#### Work to be completed
Using the material below, state how many of its lines contain the string "from", with no other words.

+--

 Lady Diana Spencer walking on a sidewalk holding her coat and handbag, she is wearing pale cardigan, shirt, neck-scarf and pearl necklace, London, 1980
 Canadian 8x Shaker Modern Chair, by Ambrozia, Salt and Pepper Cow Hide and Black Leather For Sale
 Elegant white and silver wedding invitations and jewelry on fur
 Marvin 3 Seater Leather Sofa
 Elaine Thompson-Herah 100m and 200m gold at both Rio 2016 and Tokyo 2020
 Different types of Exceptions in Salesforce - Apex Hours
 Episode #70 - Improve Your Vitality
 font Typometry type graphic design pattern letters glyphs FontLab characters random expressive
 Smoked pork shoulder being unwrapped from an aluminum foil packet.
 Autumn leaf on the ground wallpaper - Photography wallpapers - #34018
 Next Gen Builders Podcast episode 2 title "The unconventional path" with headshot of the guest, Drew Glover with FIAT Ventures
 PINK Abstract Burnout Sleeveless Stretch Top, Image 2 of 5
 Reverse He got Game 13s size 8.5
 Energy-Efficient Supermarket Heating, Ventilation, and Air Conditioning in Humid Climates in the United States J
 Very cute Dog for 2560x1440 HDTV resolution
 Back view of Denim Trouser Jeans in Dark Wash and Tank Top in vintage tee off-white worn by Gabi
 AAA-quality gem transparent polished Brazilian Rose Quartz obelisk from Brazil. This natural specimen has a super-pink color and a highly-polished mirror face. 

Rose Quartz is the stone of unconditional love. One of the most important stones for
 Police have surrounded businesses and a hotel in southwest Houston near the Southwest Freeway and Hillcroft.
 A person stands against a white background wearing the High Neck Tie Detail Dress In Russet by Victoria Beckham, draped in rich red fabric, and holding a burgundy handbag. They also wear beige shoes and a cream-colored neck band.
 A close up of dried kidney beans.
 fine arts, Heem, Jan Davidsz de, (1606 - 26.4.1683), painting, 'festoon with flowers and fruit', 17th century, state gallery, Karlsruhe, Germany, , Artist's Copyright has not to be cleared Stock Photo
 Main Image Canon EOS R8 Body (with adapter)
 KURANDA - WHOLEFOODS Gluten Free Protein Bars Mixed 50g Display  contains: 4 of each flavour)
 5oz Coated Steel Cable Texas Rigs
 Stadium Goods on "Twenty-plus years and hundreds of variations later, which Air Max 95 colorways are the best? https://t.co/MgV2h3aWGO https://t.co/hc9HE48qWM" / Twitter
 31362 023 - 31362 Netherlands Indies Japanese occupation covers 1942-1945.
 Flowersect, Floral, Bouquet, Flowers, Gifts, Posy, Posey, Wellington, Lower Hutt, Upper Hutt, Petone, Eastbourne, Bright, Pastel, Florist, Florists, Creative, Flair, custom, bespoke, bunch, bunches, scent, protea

+--

#### Response to the task
2